A EJA do Santa Cruz deixou de atender a pessoas que, em sua maioria, vivem no entorno do Colégio. Os residentes nos bairros de Pinheiros e Alto de Pinheiros, que em 2001 representavam a terça parte dos alunos, hoje respondem por apenas 8% das matrículas. A especulação imobiliária da região e a redução dos postos de trabalho em que se dorme no emprego dispersaram os alunos para as periferias de São Paulo e para os municípios vizinhos, como Taboão da Serra, Osasco e Embu das Artes. Muita gente ainda trabalha perto do Colégio, mas o caminho de volta para casa tornou-se mais longo.

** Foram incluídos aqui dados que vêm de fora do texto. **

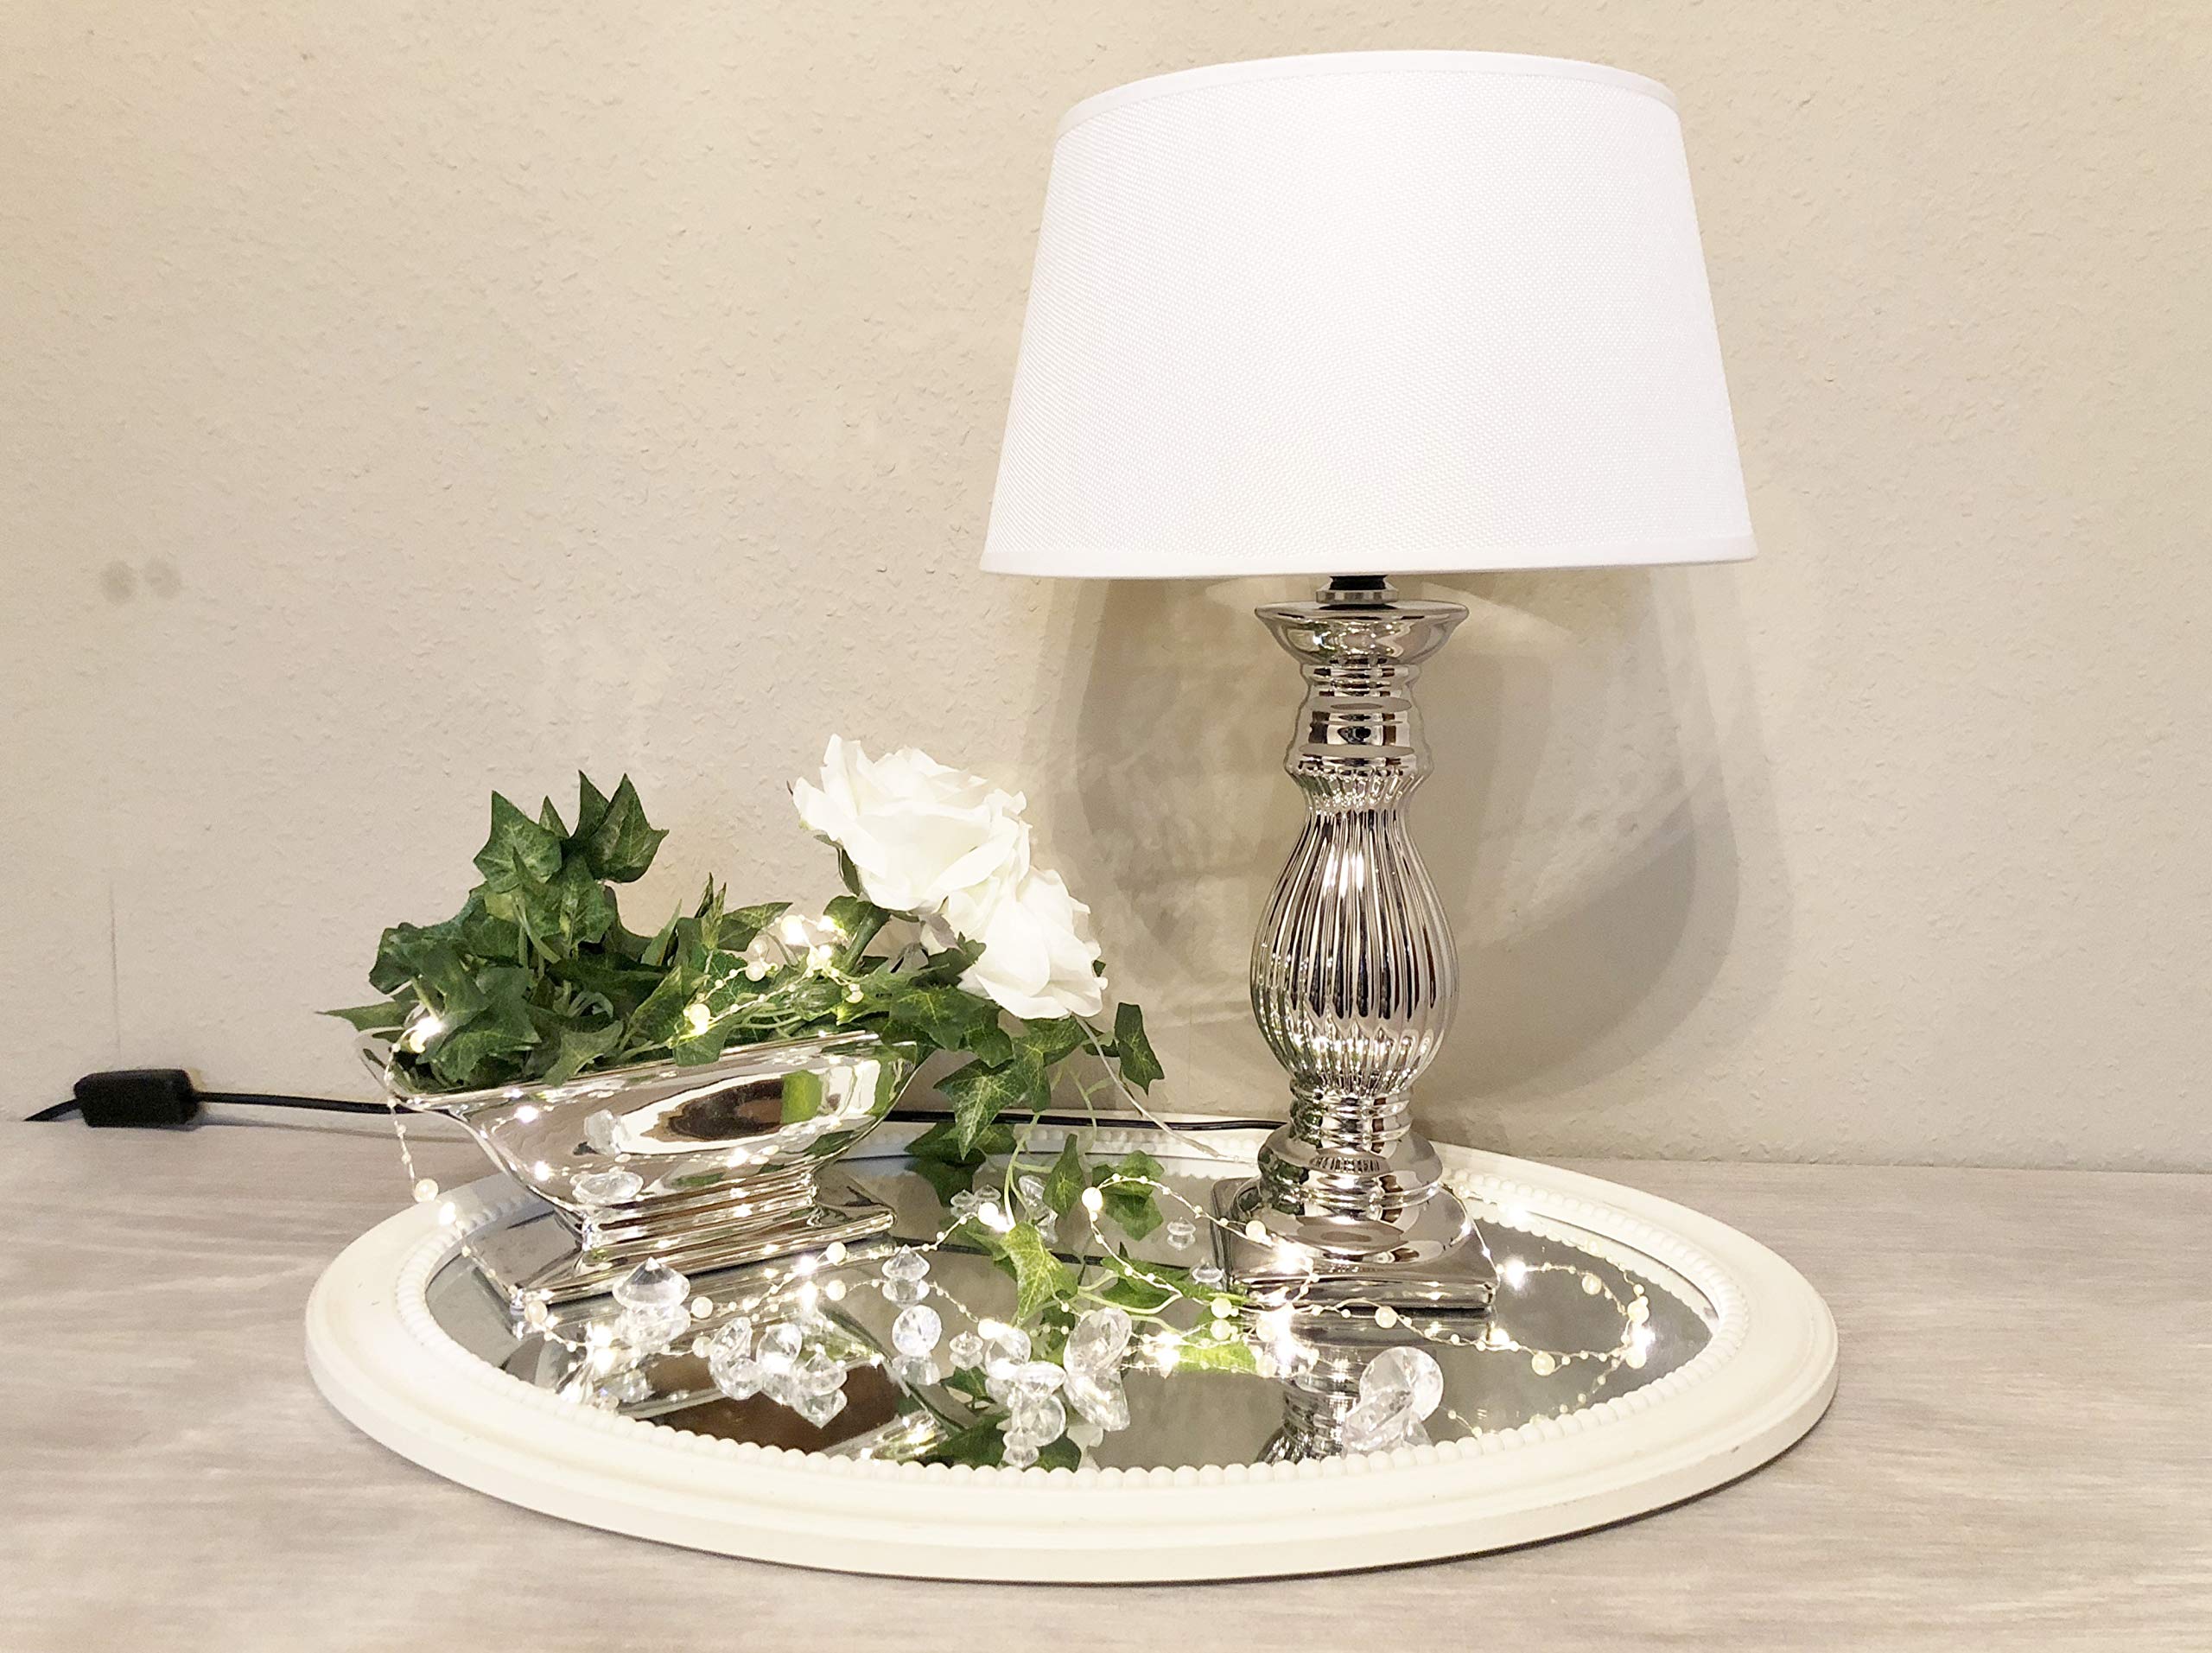 DRULINE Tischlampe Steffi Lampe Nachttischleuchte mit Schirm Klassische Dekoration fürs Schlafzimmer Wohnzimmer Esszimmer aus Keramik Silber Fuß (Weiß, Mittel H47 cm)

A mudança do perfil dos alunos da EJA solicita respostas educacionais e pedagógicas e, assim, alimenta o incessante exercício de pensar a respeito do quê e do como ensinar. Novos perfis trazem consigo outras experiências prévias, relações com os conhecimentos escolares, modos e ritmos de aprendizagem. Também nos convidam a conhecer as novas expectativas que, possivelmente, venham ser depositadas sobre a escola. Uma sala de EJA reúne um grupo de pessoas altamente diversas em relação à trajetória biográfica, à faixa etária e aos projetos de vida: há quem pretenda ingressar em um curso técnico ou superior, conseguir um emprego, conquistar uma vaga de trabalho com maior prestígio e remuneração, ampliar a formação cultural, ter uma vida social ou “apenas” obter um diploma.

Jovens e adultos não retornam à escola para repor o que deixaram de ter no passado, mas para satisfazer necessidades e desejos do presente. Logo, os 45 anos de nossa EJA devem ser celebrados como um marco histórico de realização, mas também de construção – que sabemos incessante – de um currículo capaz de atender a esperanças tão diversas por novas formas de participação social e política neste mundo.